You know how you love some people so much that they’re like part of you? Like part of your skin or bones? How sometimes you feel almost stricken with love, overwhelmed and overcome for a moment?
It struck me one day that, if we let in all the love we feel to its greatest depth, we’d probably just explode, melt, die. Our hearts would just sizzle and burn with the heat of so much care. I thought that maybe this is what Divine love feels like – wonderful, but we can only take it up in tiny sips.
We learn very early that some feelings are too much, too intense. We grow cautious, careful; we learn to keep quiet, to disguise or measure out our love. We get hurt. We don’t want to be too vulnerable. We grow afraid of what it would mean, to really give ourselves completely over to love. For better and for worse, that’s a normal part of growing up, of being human. We are always trying to find the awkward balance between caring intensely and guarding our own hearts.
It occurred to me that maybe this is part of what the love room is about….we feel so MUCH love for someone we can never adequately express. But all that love gets filtered through the busyness of everyday life, old hurts and fears, or just differences in styles of expression. Then, after someone is gone, the love room becomes the place, and the time, where that immense, intense love can safely spill out. All that we were unable to share with someone when they were alive floods through us.

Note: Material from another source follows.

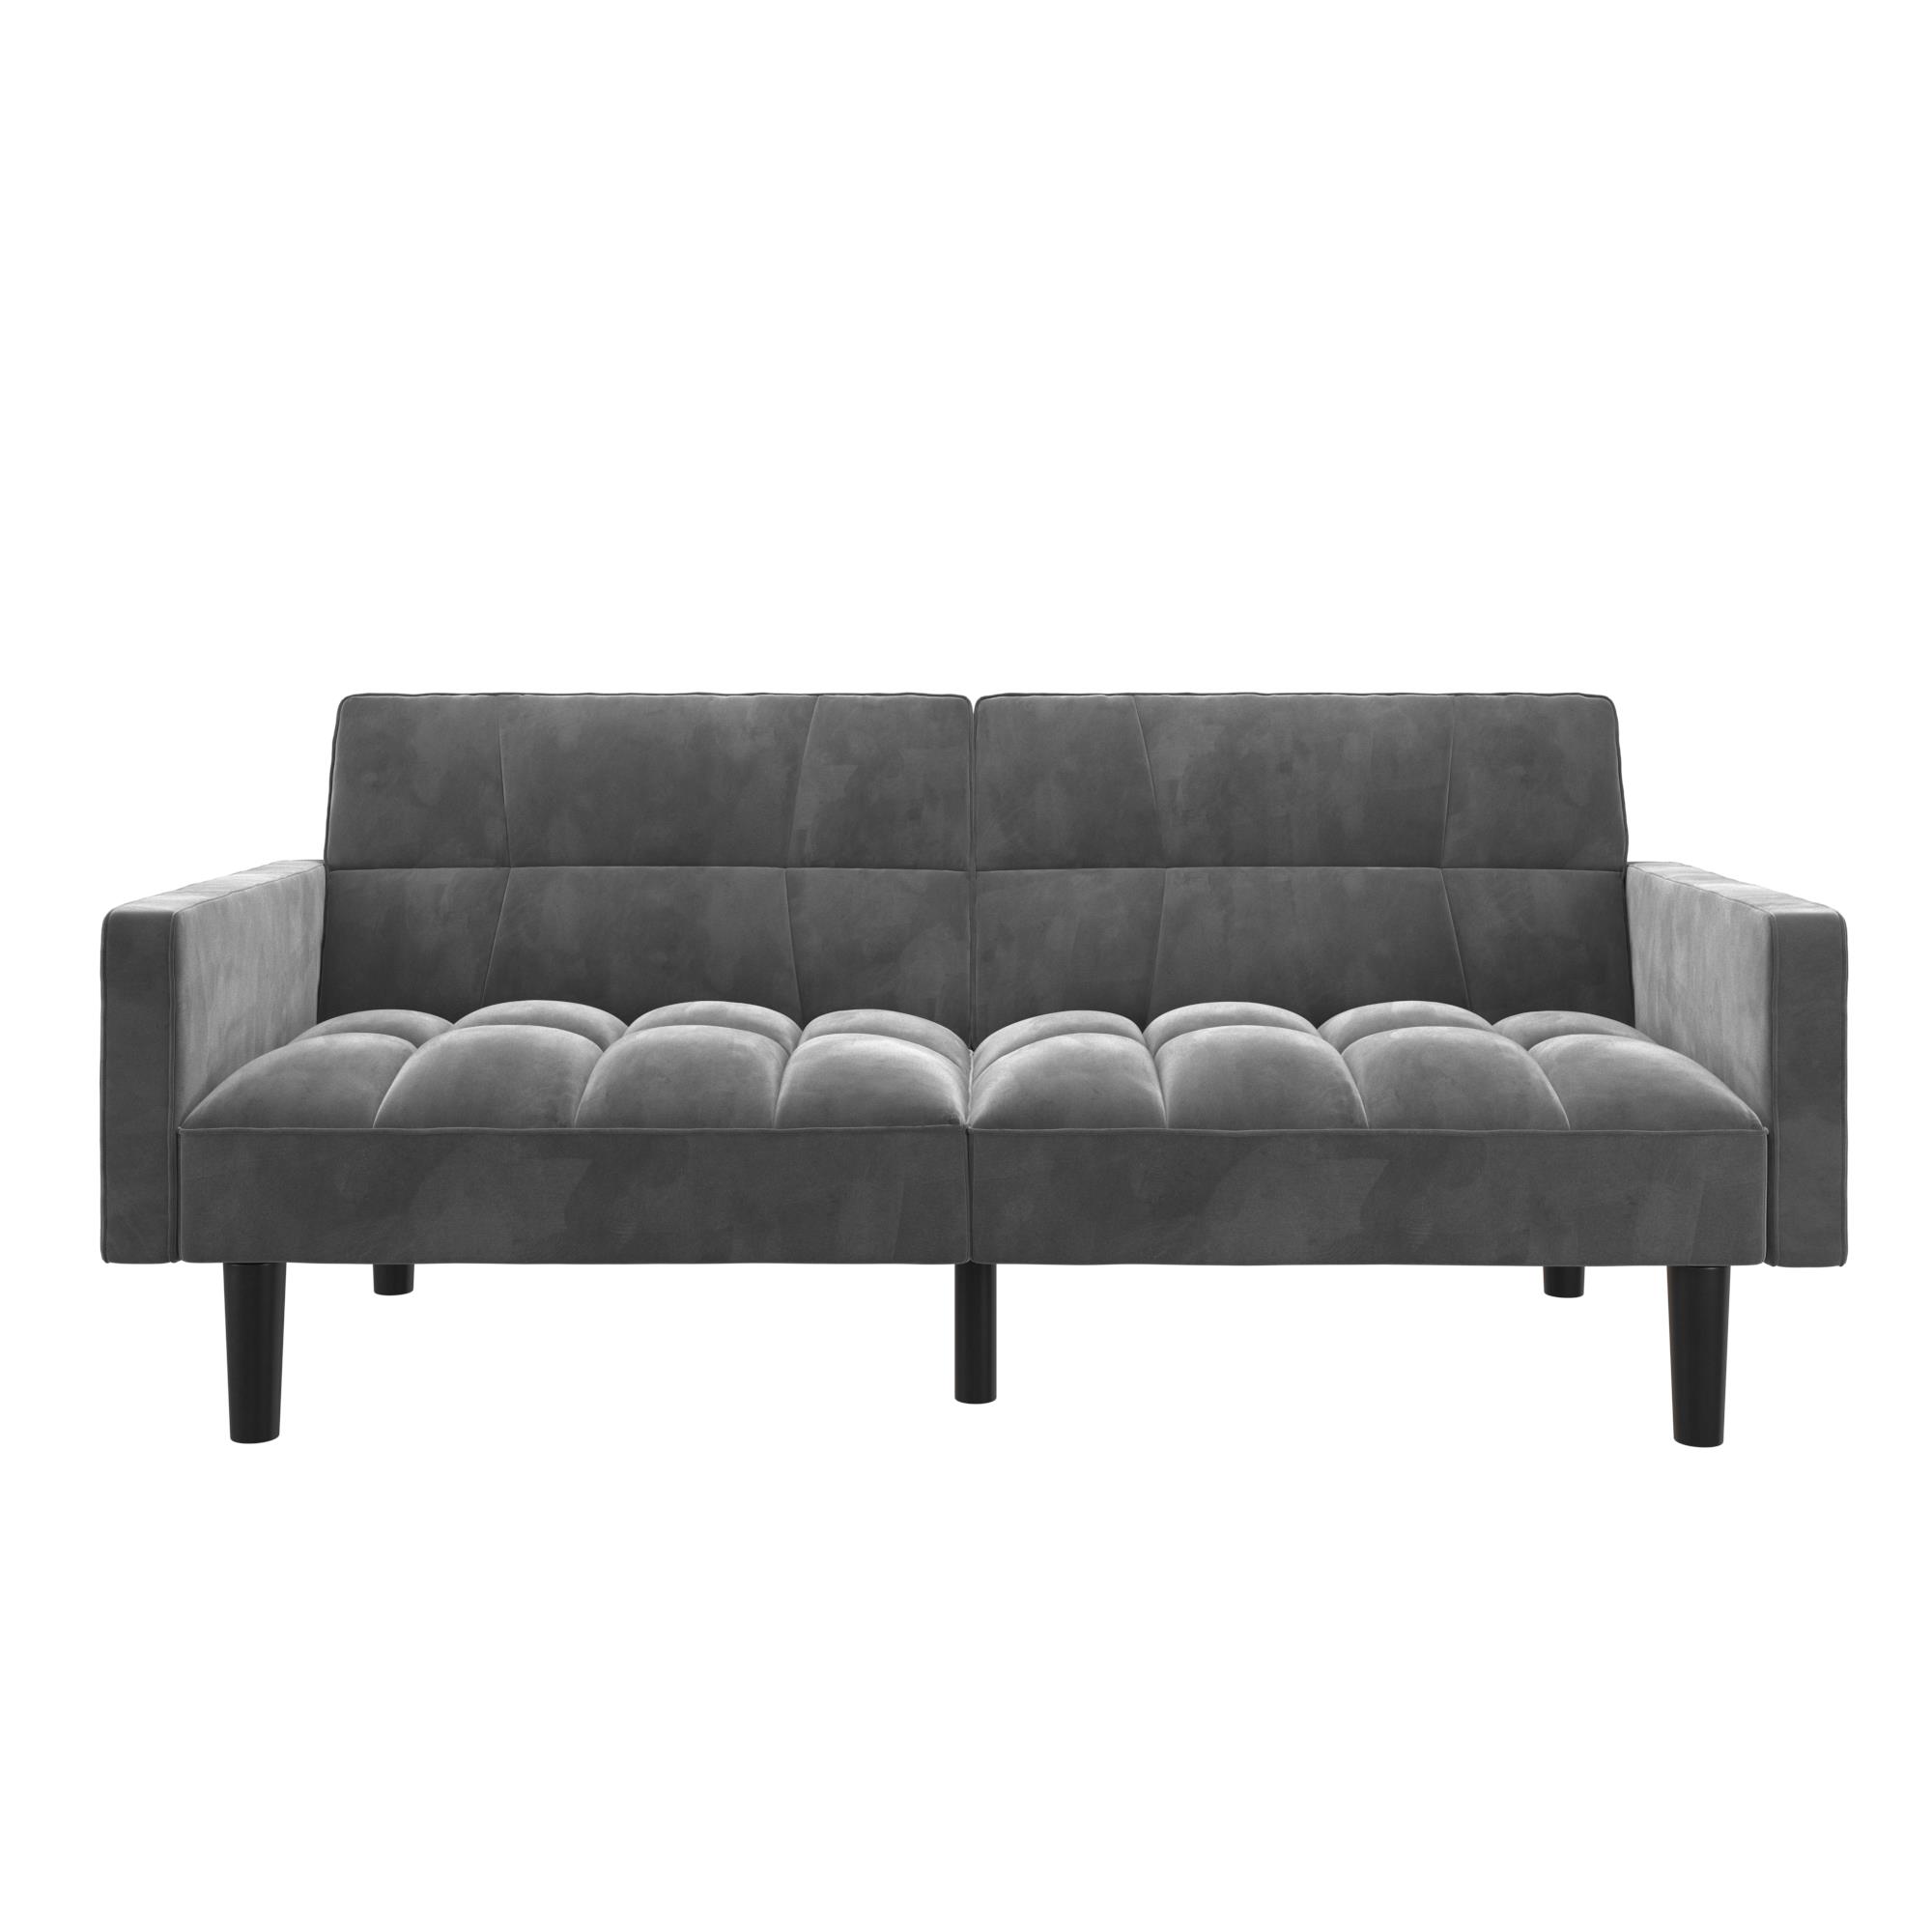 DHP, Harper Convertible Sofa Sleeper Futon with Arms, Grey Microfiber - image 1 of 15

Maybe that’s why the love room, after someone is gone, feels so rarefied and precious. It’s the tenderest love we felt all along, but could only squeeze out in measured, imperfect drops.
Since my aunt died, and with my own aging, I’ve begun to realize that love matters more than anything else. I want the rest of my life to be about love. I want my heart to be less brittle and guarded; to be strengthened and softened and opened and healed. I pray for that everyday. What else, after all, can we really do in and for this world?